What med did you treat with?


----------



## KeyLime (May 4, 2014)

Put everything you use for the tank into the sterilizing solution (in the tank) too. I'd run it for a while with strong bleach or potassium peroxide solution (makes some brownish residue stains but it would be my choice of sterilizer solution. I can sell you it $8 a cup of dry crystal - enough for "forever". It can also be counteracted and made clear after by adding hydrogen peroxide).
You definitely do not have to throw away anything.

http://www.skepticalaquarist.com/potassium-permanganate


----------



## John_C (Dec 17, 2007)

I used panacur and Levimasole which are cattle and dog de-wormers as the Camalus worms seem to be immune to all the general meds in the aquarium industry... Heads up to everyone on this parasite!!! The worm may not show itself for 6 wks, and the fish may act symptom free and feed normally till the worm grows to it's adult size... Apparently its become more common and wholesalers and fish farms aren't taking it very seriously.. It is tough as nails and nearly impossible to iradicate without killing off the whole system...


----------



## tranceaddict (Apr 3, 2011)

Sorry to hear that. Sounds nasty. 

Take that rim off and clean, and if that doesn't help it is possible that there is a crack in the silicon and maybe these worms survived in it. Possible re-seal the whole interior aquarium. 

I'd just sell it and move on to a new tank.


----------



## KeyLime (May 4, 2014)

No, the problem as I think I understand it, is that Levamisole only immobilizes the worms and knocks them out of the body, but they aren't dead. 
They need to be vacuumed out very well and probably need several treatments.

Panacur is fenbendazole which kills the worms, but it's best to get the fish to eat the medicine. Some people report their fish had bad reactions to it in the water - it may be due to solvents used.
Again, several treatments.

It's best to use both meds to treat, alternating them in the medicated food.

So it's a problem for sure.

The equipment should be fine once sterilized properly...everything - tubes, nets, filters etc.


----------



## KeyLime (May 4, 2014)

Meanwhile it's probably good to treat the remaining fish and see if you can get them to survive free of the problems.
New fish can bring the same problems, so it's good to find out how best to treat it with the fish you have, and do it whenever you get fish.

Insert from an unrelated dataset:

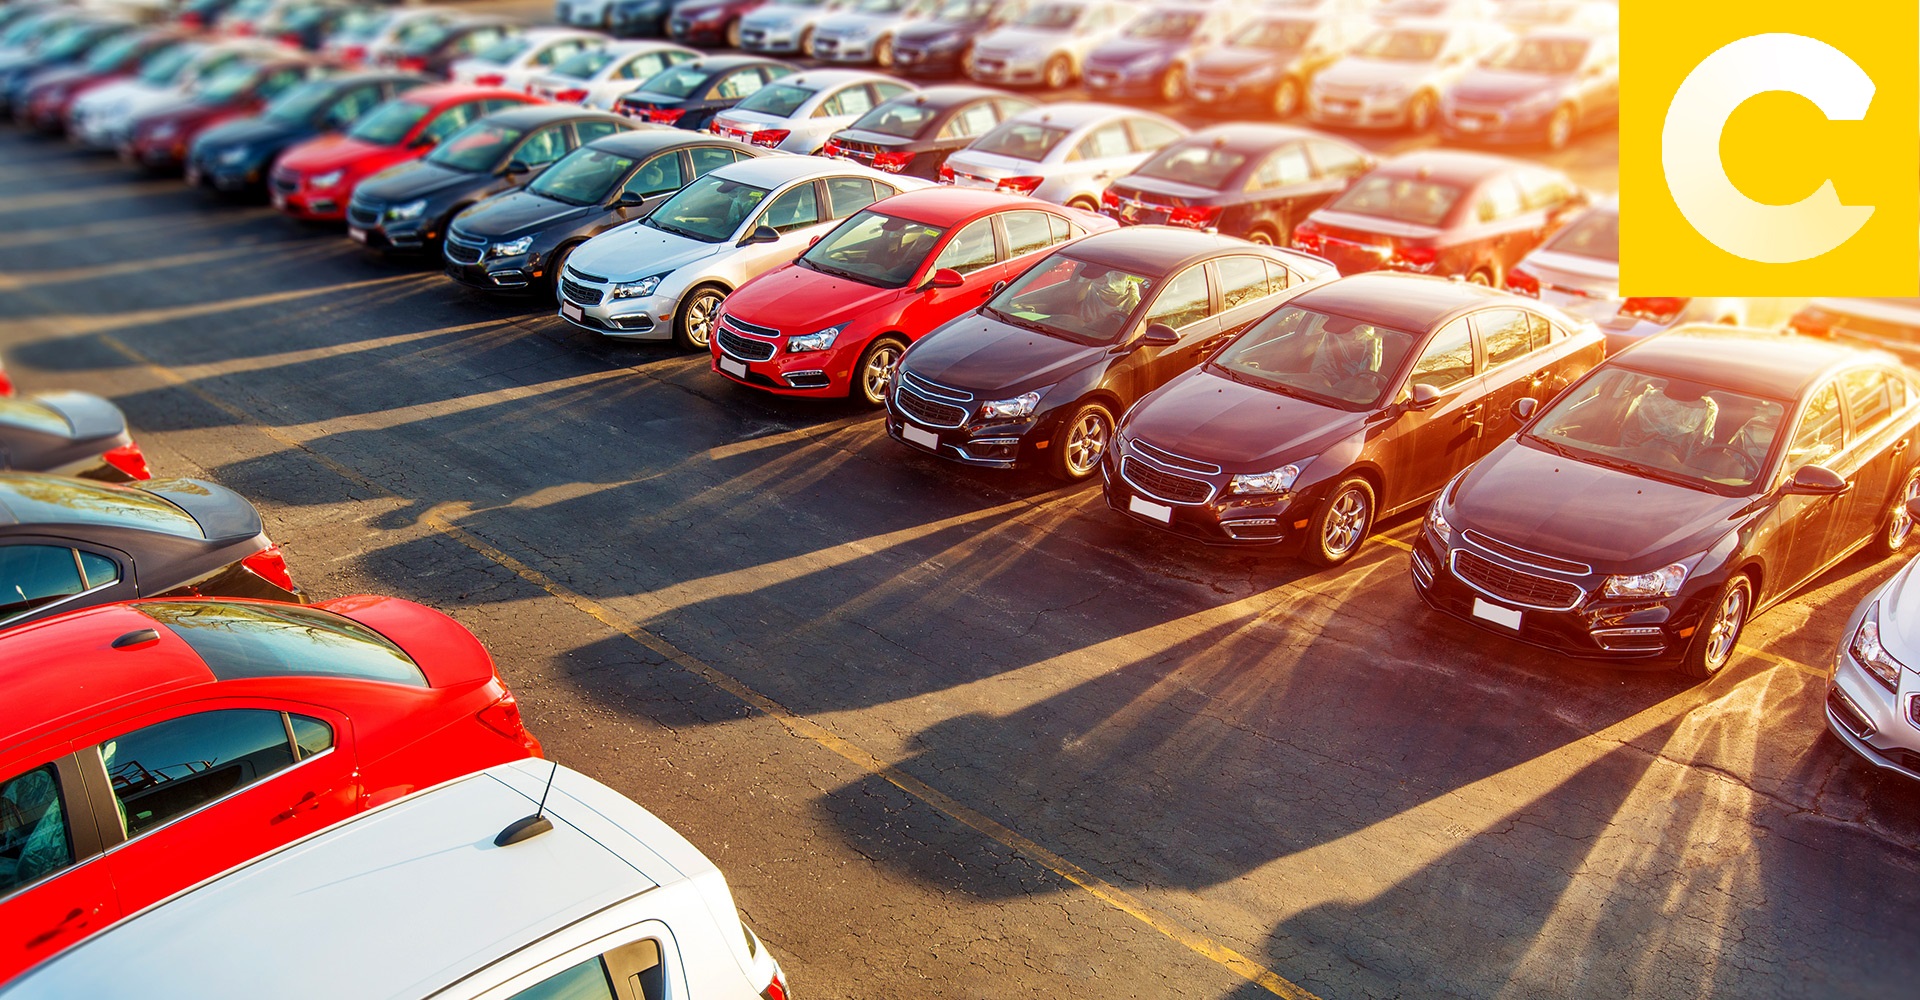 Why Car Yards Are Trustworthy Sources For Pre-Owned Vehicles?

Quarantine them and treat them in rounds of meds and rest for a month.

How did you use the medicines last time?
If the fish are still eating, you can use some tricks to get the medicine into them. 
What foods do they really go for, what kind of fish etc?


----------



## John_C (Dec 17, 2007)

*camalus*

I treated them as directed by the vet, fed them the medicated food for 3 days then again 2 wks later... The other problem is that the worms die inside the fish, and then the fish have difficulty passing them out, and then die of secondary bacterial infection... That's why the Levimasole is a better treatment option I've noticed as it stuns the worms, but it doesn't do anything about the larvae or eggs.

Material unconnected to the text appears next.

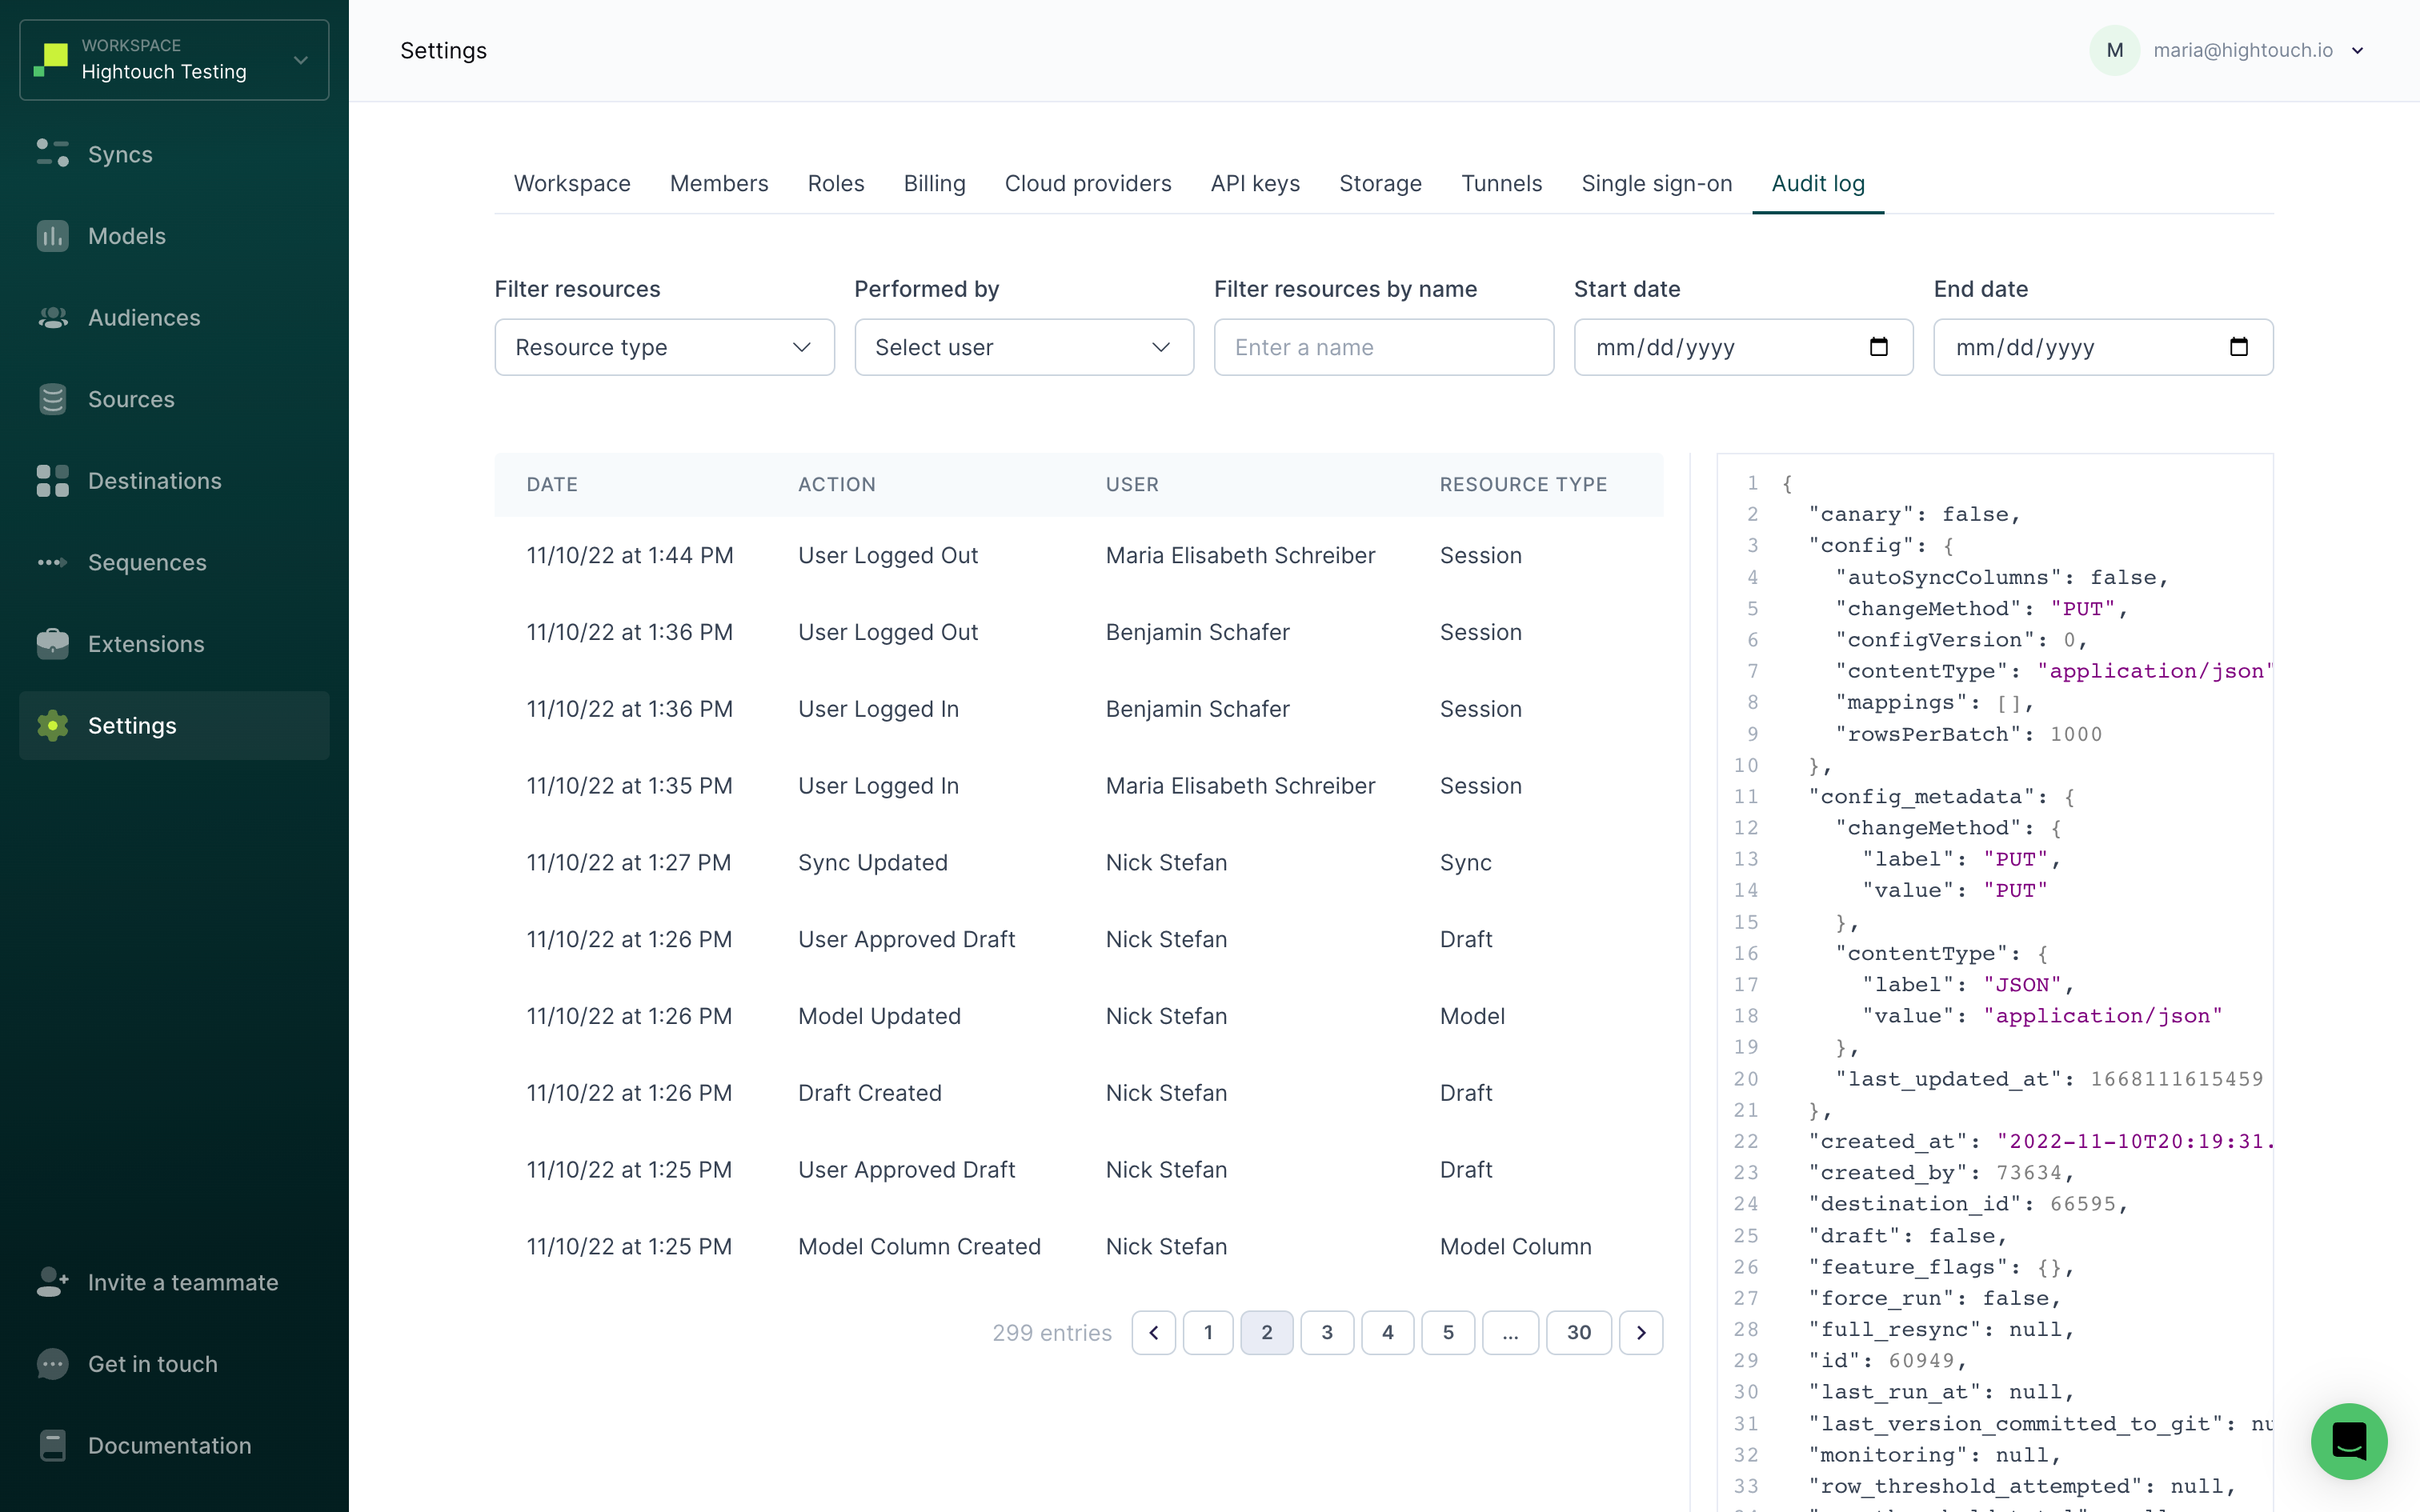 Audit log table in the Hightouch UI

How much bleach do you think I should use.. I've been told anywhere from a cup for the whole 100 gallon tank, to one gallon bleach to 10 gallons of water, which seems a little much.


----------



## KeyLime (May 4, 2014)

People feed cooked peas to the fish that are having trouble passing the worms.

Personally, being paranoid, and since you are too ( thinking of possibly throwing everything away) I'd use a couple of bottles of bleach. I'd empty the tank of gravel and background, then clean everything so there's no grit left, then use straight out of the bottle bleach on everything.
For other items like gravel I'd clean them several times then straight bleach. I'd clean inside tubing with brush or cloth.

I'd pour a nice amount of bleach in the tank and swab it all around every ten minutes or so. I'd run filter with straight bleach into a bucket. I'd put all utensils into straight bleach.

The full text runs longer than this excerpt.